SCIENCE

Poisoning Of Famed Pride in Kenya Shows Why Lions Are In Trouble

Retribution killings are a far bigger danger than trophy hunters.
Several members of the Marsh Pride lay near the body of Alan, a lion who was poisoned in a retribution attack.
Several members of the Marsh Pride lay near the body of Alan, a lion who was poisoned in a retribution attack.

Conservationists have called for justice after several members of a famed pride of lions were poisoned in retribution for killing cattle.

At least three lions of the Marsh Pride, a family living in Kenya's Masai Mara National Reserve, have died due to the poisoning, which scientists say will likely impact dozens of animals throughout the park. The pride was well known to local safari guides and starred in the BBC series "Big Cat Diary."

Retribution killings are different to other threats, like poaching and hunting, because people who lose livestock carry them out specifically in retaliation. Many ranchers would rather kill the predators than try to live around them, as livestock can reflect a significant investment for traditional farmers.

Anne K. Taylor, a grantee with the National Geographic Big Cats Initiative in the Mara reserve, said the conflict is a daily issue that's only gotten worse in recent years. Expanding herds of livestock have compelled Masai farmers to illegally graze their animals inside the reserve where they displace native animals, like zebra and impala. Lions, lacking traditional prey, hunt the easy-to-kill cattle .

"I'm furious because I understand the loss of cows is really hard," Taylor said. "But to do what these people did, it's unacceptable." 

Through her work as a BCI grantee and with her eponymous fund, Taylor has helped ranchers install more than 800 fences to protect livestock from predation. But a reduction in traditional grazing ground has led to the foray into the reserve where fences don't help.
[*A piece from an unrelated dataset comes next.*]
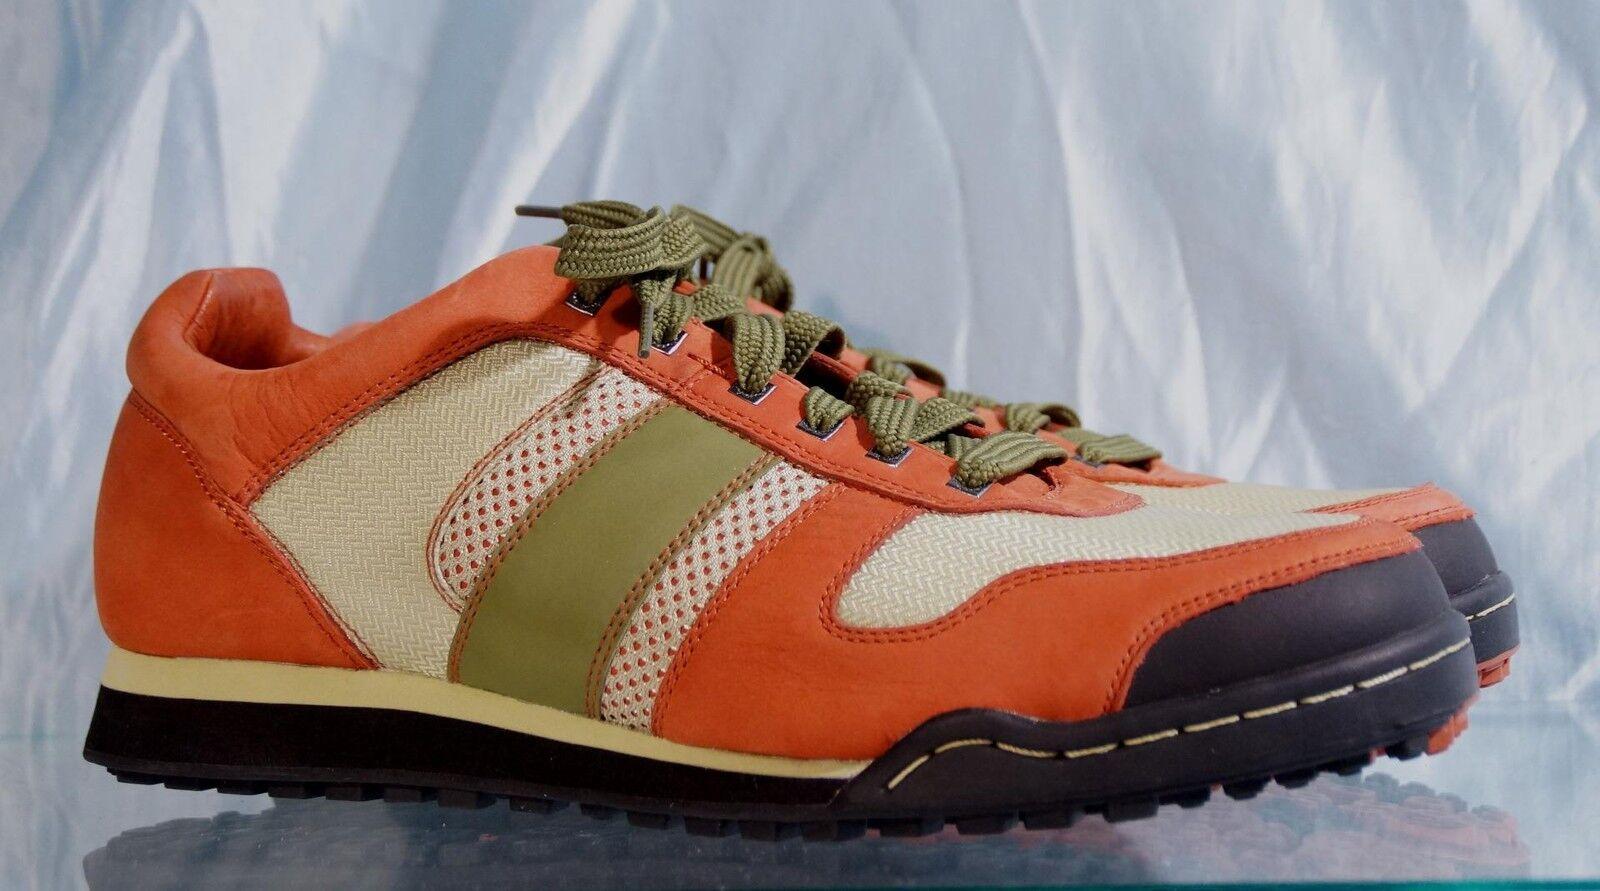 New No Box orange & Green JHUNG YURO Low Top Hikers Sz 13
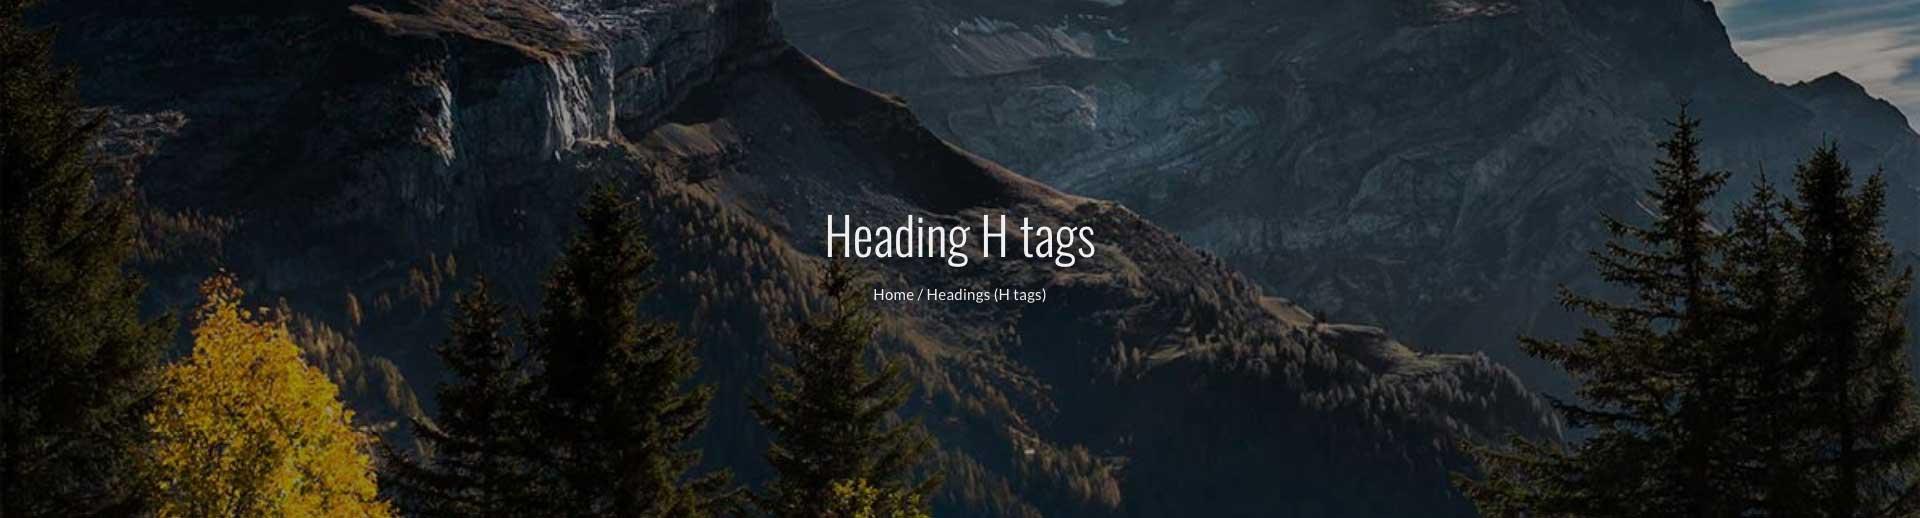 page-header-breadcrumb

A chainlink fence surrounds livestock to protect them from predators near the Masai Mara reserve in Kenya.
A chainlink fence surrounds livestock to protect them from predators near the Masai Mara reserve in Kenya.

“It has become the norm for tens of thousands of cattle to come into the reserve at night, where in the old days this only happened under conditions of extreme drought,” zoologist Jonathan Scott told National Geographic.

The most recent poisoning reflects the growing tension between human and animal. At least eight lions have been affected, with three confirmed dead. Another named Sienna is missing. Researchers are waiting to see if a pile of bones and fur can be linked to her disappearance. And the poison doesn't stop there.

Taylor said nearly a dozen endangered vultures have been killed after feeding on the dead lions and there is concern that some hyenas could get sick.

A critically endangered white-backed vulture was killed after feeding on poisoned meat in the Masai Mara reserve.
A critically endangered white-backed vulture was killed after feeding on poisoned meat in the Masai Mara reserve.

Lion populations have plummeted throughout the continent since the early 1990s and some reports say numbers could fall by an additional half in the next two decades. Taylor said there are regulations in place to limit encounters between livestock and large predators, but they're only loosely enforced. Past incidents have resulted in few punishments, but, she says there are still "a lot of people doing good."

"You just hope that people will take it much more seriously," she said. "I would like to see the reserve protected as it should be and people to respect it for what it is."